4. SUR LES DEMANDES ACCESSOIRES :
M. [Z] [X], partie perdante, supportera la charge des dépens.
Conformément aux dispositions de l’article 700 du code de procédure civile, le juge condamne la partie tenue aux dépens ou qui perd son procès à payer à l’autre partie la somme qu’il détermine, au titre des frais exposés et non compris dans les dépens.
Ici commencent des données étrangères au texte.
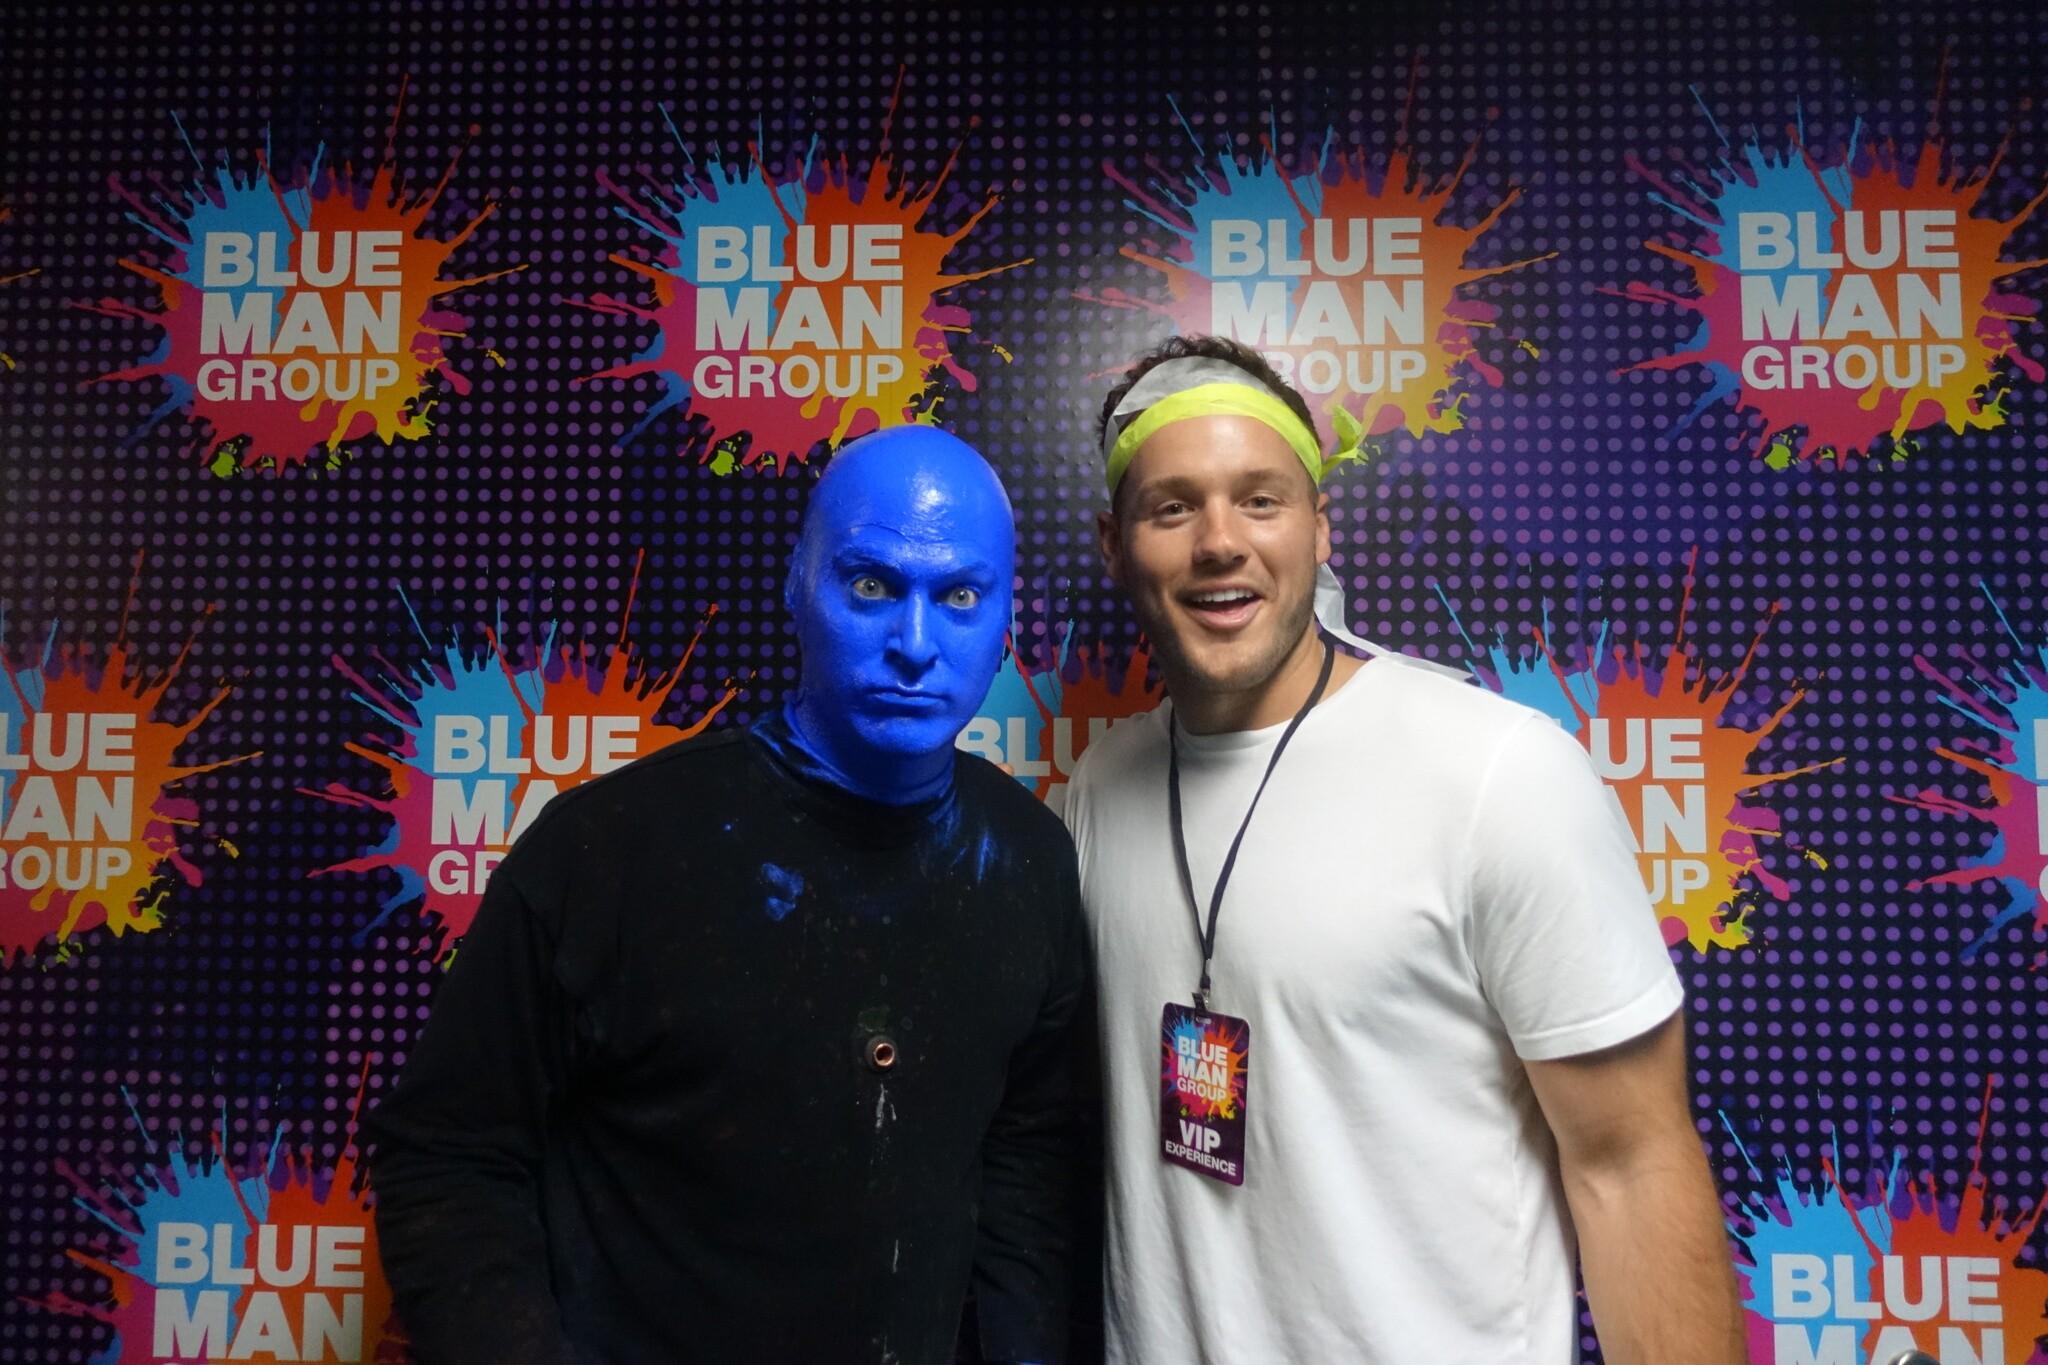 colton blue man file.jpg

Dans tous les cas, le juge tient compte de l’équité ou de la situation économique de la partie condamnée et il peut, même d’office, pour des raisons tirées des mêmes considérations, dire qu’il n’y a pas lieu à cette condamnation.
Compte tenu des démarches judiciaires qu’a dû accomplir le demandeur, M. [Z] [X] sera condamné à lui verser une somme de 1 500,00 € au titre de l’article 700 du code de procédure civile.
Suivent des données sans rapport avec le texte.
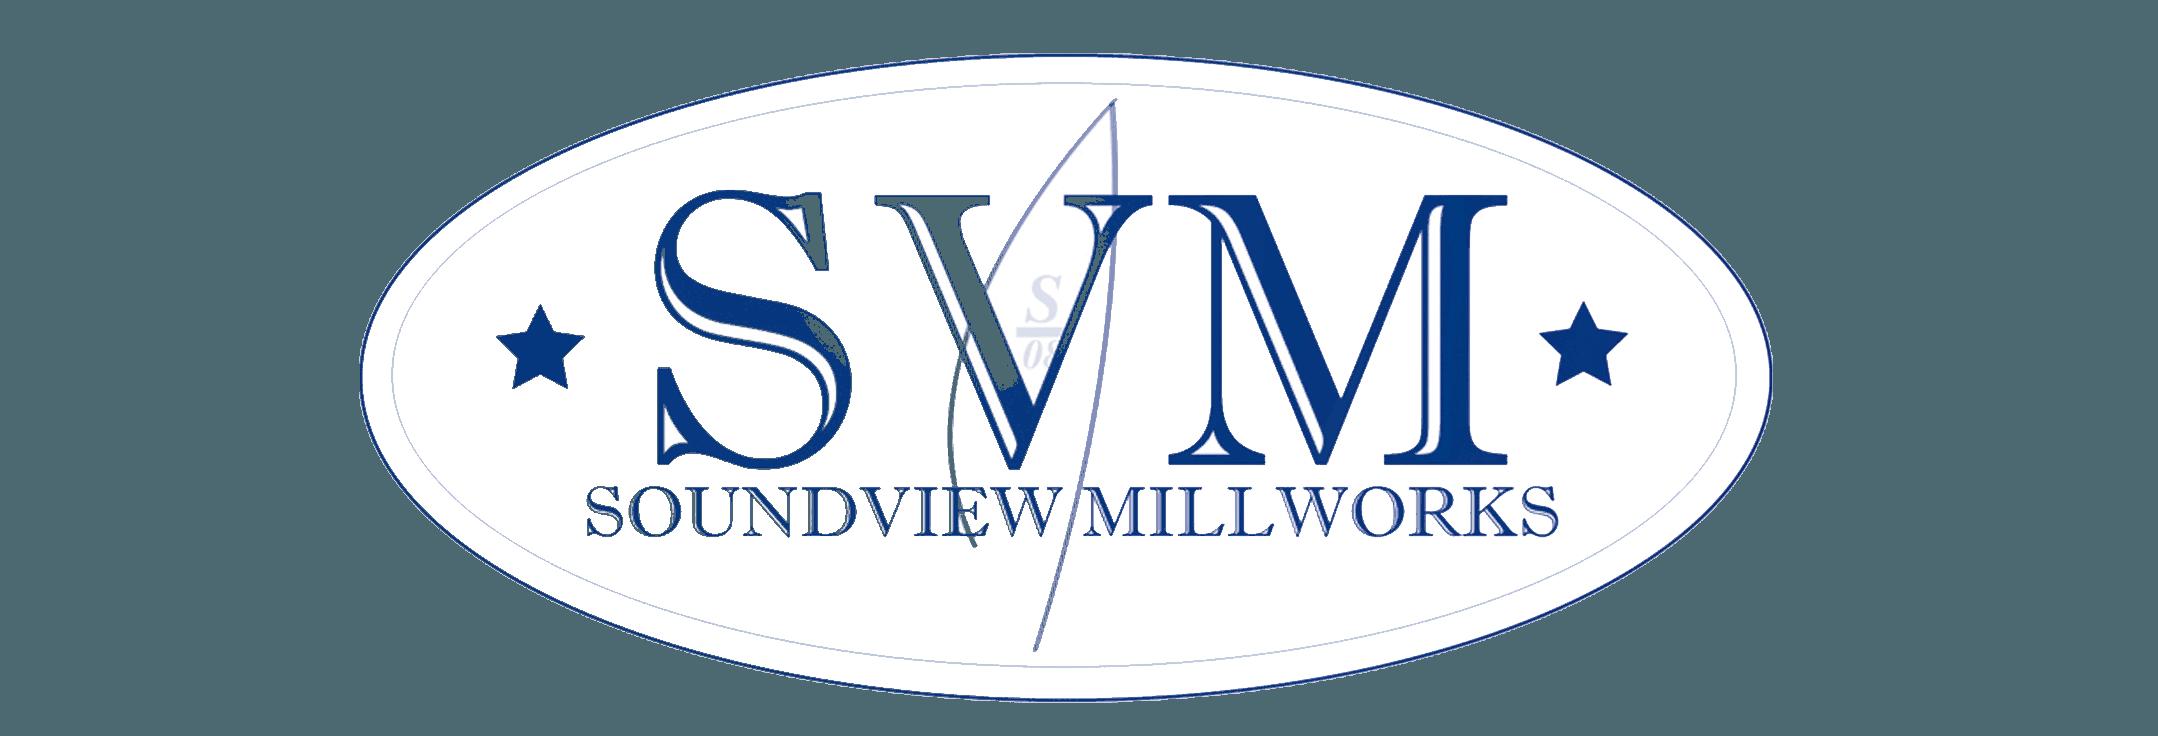 Soundview Millworks

La présente décision est exécutoire à titre provisoire, conformément à l’article 514 du code de procédure civile.
PAR CES MOTIFS
Le juge des contentieux de la protection du Tribunal de proximité statuant par mise à disposition au greffe, par jugement réputé contradictoire et en premier ressort,
REJETTE toutes demandes autre, plus ample ou contraire ;
CONSTATE que Monsieur [Z] [X] est occupant sans droit ni titre du logement à usage d’habitation n° 030613 maison mitoyenne de type 2 situé [Adresse 4] dont est propriétaire la S.A. D’HLM DOMIAL ;
CONSTATE que l’entrée dans les lieux s’est opérée par manœuvres ;
ORDONNE l’expulsion sans délai de M. [Z] [X] ainsi que tous occupants de son chef du logement à usage d’habitation n° 030613 maison mitoyenne de type 2 situé [Adresse 4] ;
CONSTATE que le délai de deux mois prévu à l’article L.412-1 du code des procédures civiles d’exécution ne s’applique pas ;
CONDAMNE M. [Z] [X] à verser à la S.A. [Adresse 11] une indemnité mensuelle d’occupation à compter du 10 octobre 2024 et jusqu’à la date de la libération définitive des lieux et la restitution des clés ;
FIXE cette indemnité mensuelle d’occupation au montant du loyer et des charges, calculés tels que si le contrat s’était poursuivi en ce compris les révisions, réajustements et décompte définitif de charges avec les intérêts légaux à compter du 1er jour du mois suivant le mois au cours de laquelle cette indemnité était exigible.
CONDAMNE M. [Z] [X] à verser la S.A. D’HLM DOMIAL la somme de 860,54 € pour la période d’occupation du 10 octobre 2024 au 7 janvier 2025 au titre de l’indemnité d’occupation hors charges.
CONDAMNE M. [Z] [X] aux dépens ;
CONDAMNE M. [Z] [X] à verser la S.A. [Adresse 11] la somme de 1 500 € en application de l’article 700 du code de procédure civile.
RAPPELLE que le présent jugement est de plein droit exécutoire à titre provisoire ;
DIT que copie de la présente décision sera communiquée par les soins du greffe au représentant de l’État dans le département, en application de l’article R. 412-2 du code des procédures civiles d’exécution.
Ainsi jugé et prononcé les jour, mois et an susdits par la mise à disposition de la décision au greffe.